I admit the creative intent here is fascinating. Having Jez Butterworth, Peter Straughan, and Jack Thorne pen overlapping perspectives is a brilliant narrative exercise for a streaming miniseries. But the theatrical model is built on scarcity and distinct choices, not flood-the-zone saturation.
The Exhibition Nightmare
The people who will suffer the most from this stunt are the independent theatre owners already struggling to survive on thin margins.
To properly exhibit "The Beatles: A Four-Film Cinematic Event," a multiplex will have to dedicate at least four entire screens exclusively to this project. For smaller, independent two-screen or three-screen venues, playing the complete project is physically impossible without completely shutting out every other movie in the market.
[Screen 1: Lennon] ----> Decreasing Attendance Week 2
[Screen 2: McCartney] -> Stable Attendance Week 2
[Screen 3: Harrison] ---> Rapid Drop-off Week 2
[Screen 4: Ringo] ------> Ghost Town Week 2
If a theater owner allocates four screens to Mendes, and the casual public decides they only care about the McCartney and Lennon perspectives, screens three and four will sit completely empty. Due to rigid studio distribution contracts, exhibitors cannot easily swap out underperforming films during the opening weeks. This strategy will actively choke out independent films and mid-budget counter-programming that desperately need screen space to breathe.
Dismantling the Myth of the Perpetual Beatles Revival
Cultural critics love to argue that the Beatles exist outside the normal laws of aging media. They point to Peter Jackson’s eight-hour Get Back documentary as proof of an insatiable public appetite.
This ignores the fundamental difference in medium and accessibility. Get Back was a streaming event delivered directly to Disney+ subscribers during a period when home viewing was at an all-time high. It allowed viewers to pause, digest, and ambiently consume the footage over days or weeks.

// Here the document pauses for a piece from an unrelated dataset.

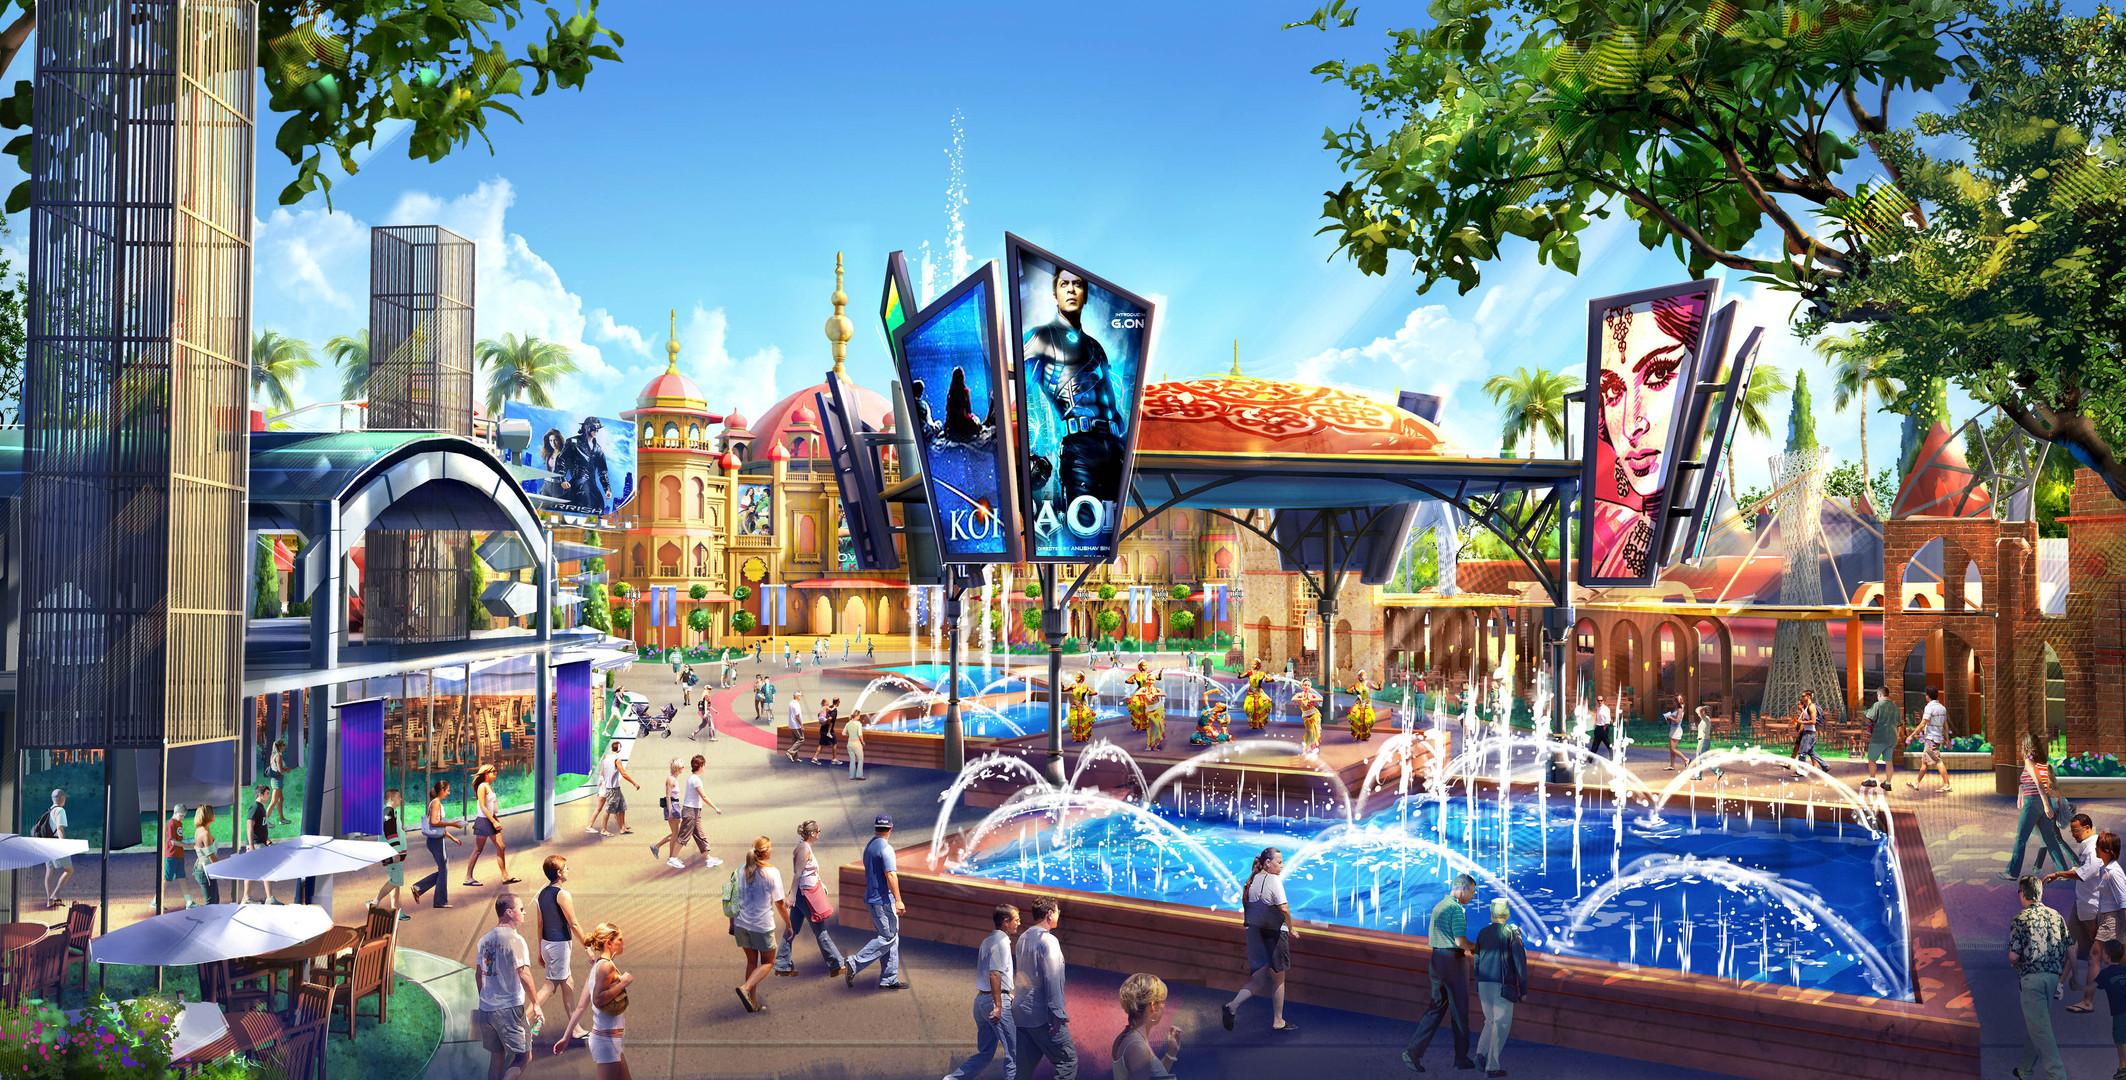 Dubai Parks - Bollywood-Plaza

The idea that this translates into a multi-billion-dollar theatrical demand for four separate scripted biopics is a massive leap in logic. The Beatles are a historic monument, but monuments do not automatically generate ticket sales. The public's relationship with the band is largely archival and nostalgic. Transforming that respect into active, repetitive box office spending is an entirely different challenge—one that Hollywood has failed to solve with almost every other musical act attempted at this scale.
Stop treating this four-part release plan like an innovative victory lap for cinema. It is a bloated, high-risk gamble driven by studio hubris. When April 2028 arrives, the industry will quickly realize that splitting a single story into four separate admissions prices does not quadruple your audience. It just quarters your chances of success.